- Cover art featuring Kevin Harvick and Tony Stewart
- Developer: Monster Games
- Publisher: 704Games
- Series: NASCAR Heat
- Platforms: Microsoft Windows PlayStation 4 Xbox One
- Release: September 13, 2019
- Genre: Racing
- Modes: Single-player, multiplayer

= NASCAR Heat 4 =

2019 racing video game

NASCAR Heat 4 is a racing video game simulating the 2019 NASCAR season. It was developed by Monster Games and was published by 704Games on September 13, 2019, for PlayStation 4, Xbox One and Microsoft Windows via Steam. Kevin Harvick is the cover athlete (for the first time since NASCAR 2005: Chase for the Cup) for the regular release of the game along with Tony Stewart, and Jeff Gordon is on the cover of the Gold Edition. The game was delisted from digital storefronts on December 31, 2024, and online servers were shut down on August 1, 2025.

==Gameplay==
The Xtreme Dirt Tour returned to the game, and Tony Stewart is a driver and team owner in the series. Players in career mode for the first time can start in any of the four series (NASCAR Cup, Xfinity, Trucks, and Xtreme Dirt). Additional updates to the game included different tire compounds for different track types and a track map. Also, custom cars now have an open number choice from 0-99 (including 00–09) for both quick race and career mode.

==Downloadable content==
Paid downloadable content packages are available. The downloadable content for pre-ordering is the ability to race Martinsville Speedway at night. Although later on in 2019, the Martinsville night race would be a playable option in the game without the need for a download.

==Reception==

NASCAR Heat 4 received "mixed or average" reviews according to review aggregator Metacritic.

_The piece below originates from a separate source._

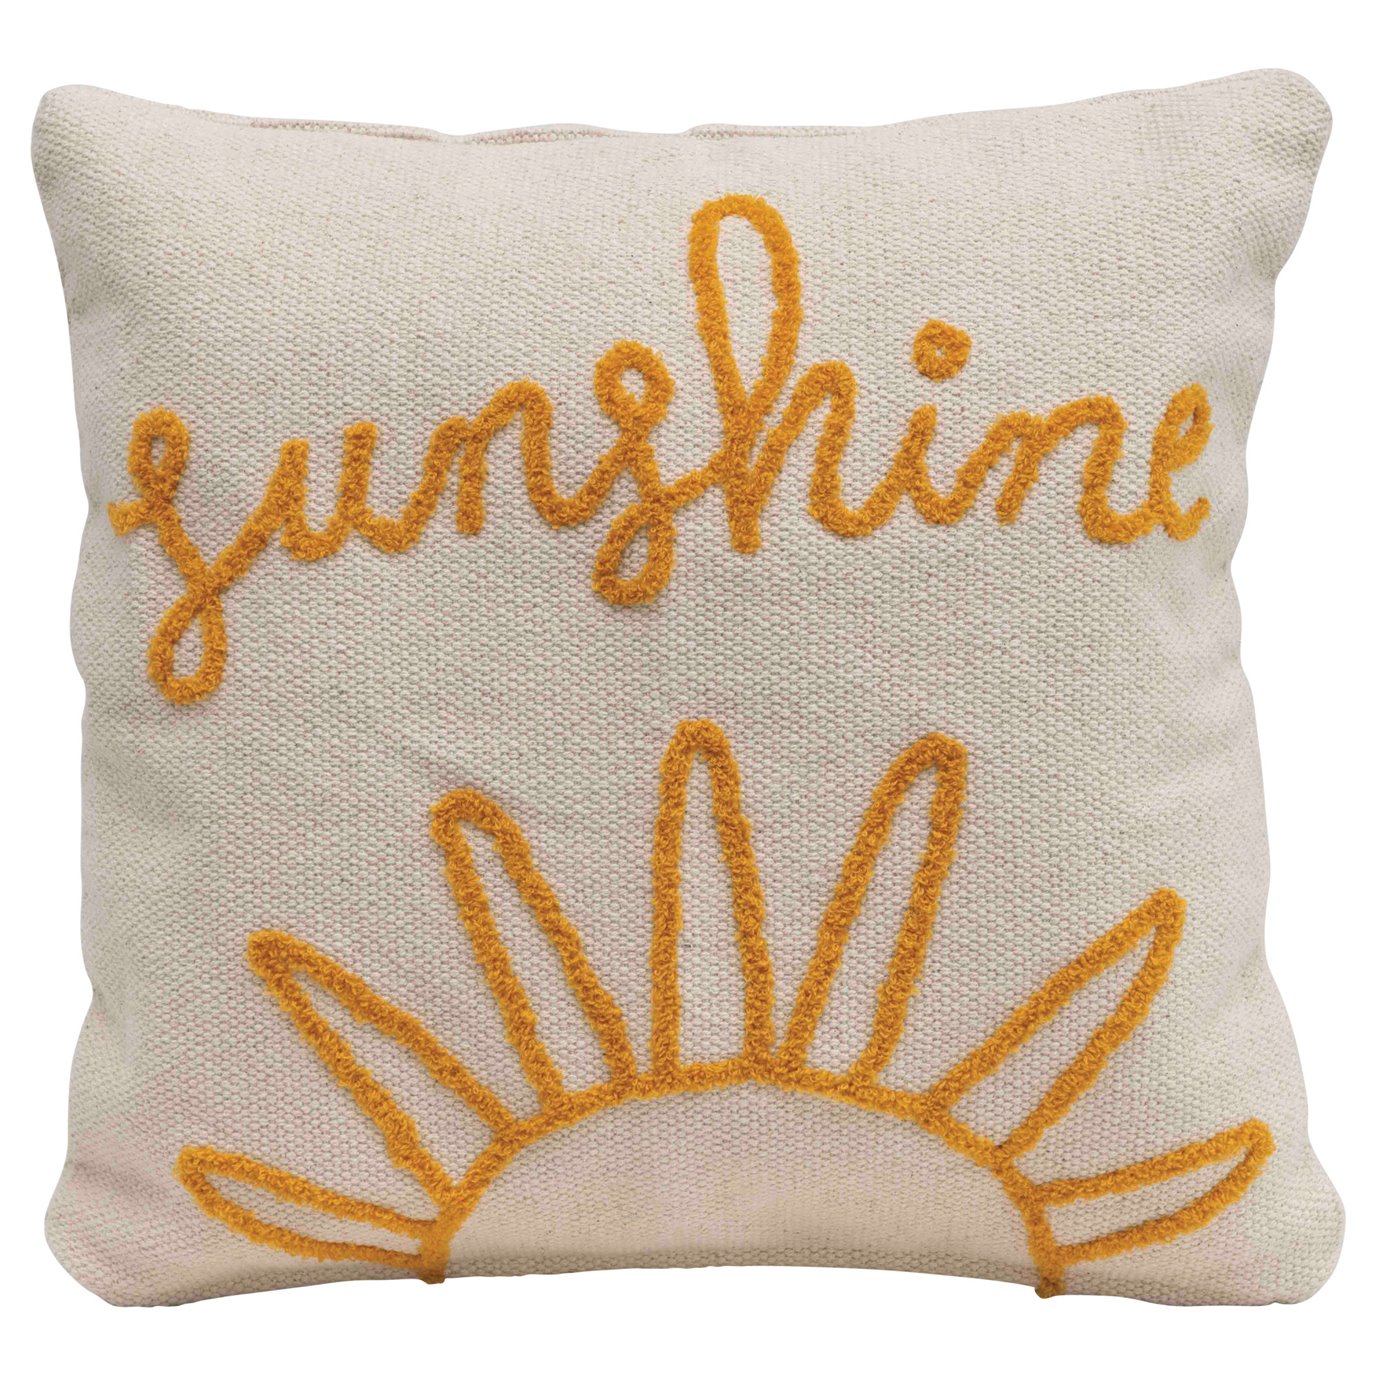 "Sunshine" Embroidered Square Cotton Pillow

Matthew Kato of Game Informer called this iteration of NASCAR Heat the strongest, noting that its flaws made it more admirable than excellent. The online mode and AI were also criticized for being subpar and the career mode was deemed adequate.

Aggregate score
| Aggregator | Score |
|---|---|
| Metacritic | (PS4) 70/100 (XONE) 74/100 |

Review scores
| Publication | Score |
|---|---|
| Game Informer | 7.25/10 |
| Hardcore Gamer | 4.5/5 |

===Accolades===
The game was nominated for "Game, Franchise Racing" at the NAVGTR Awards.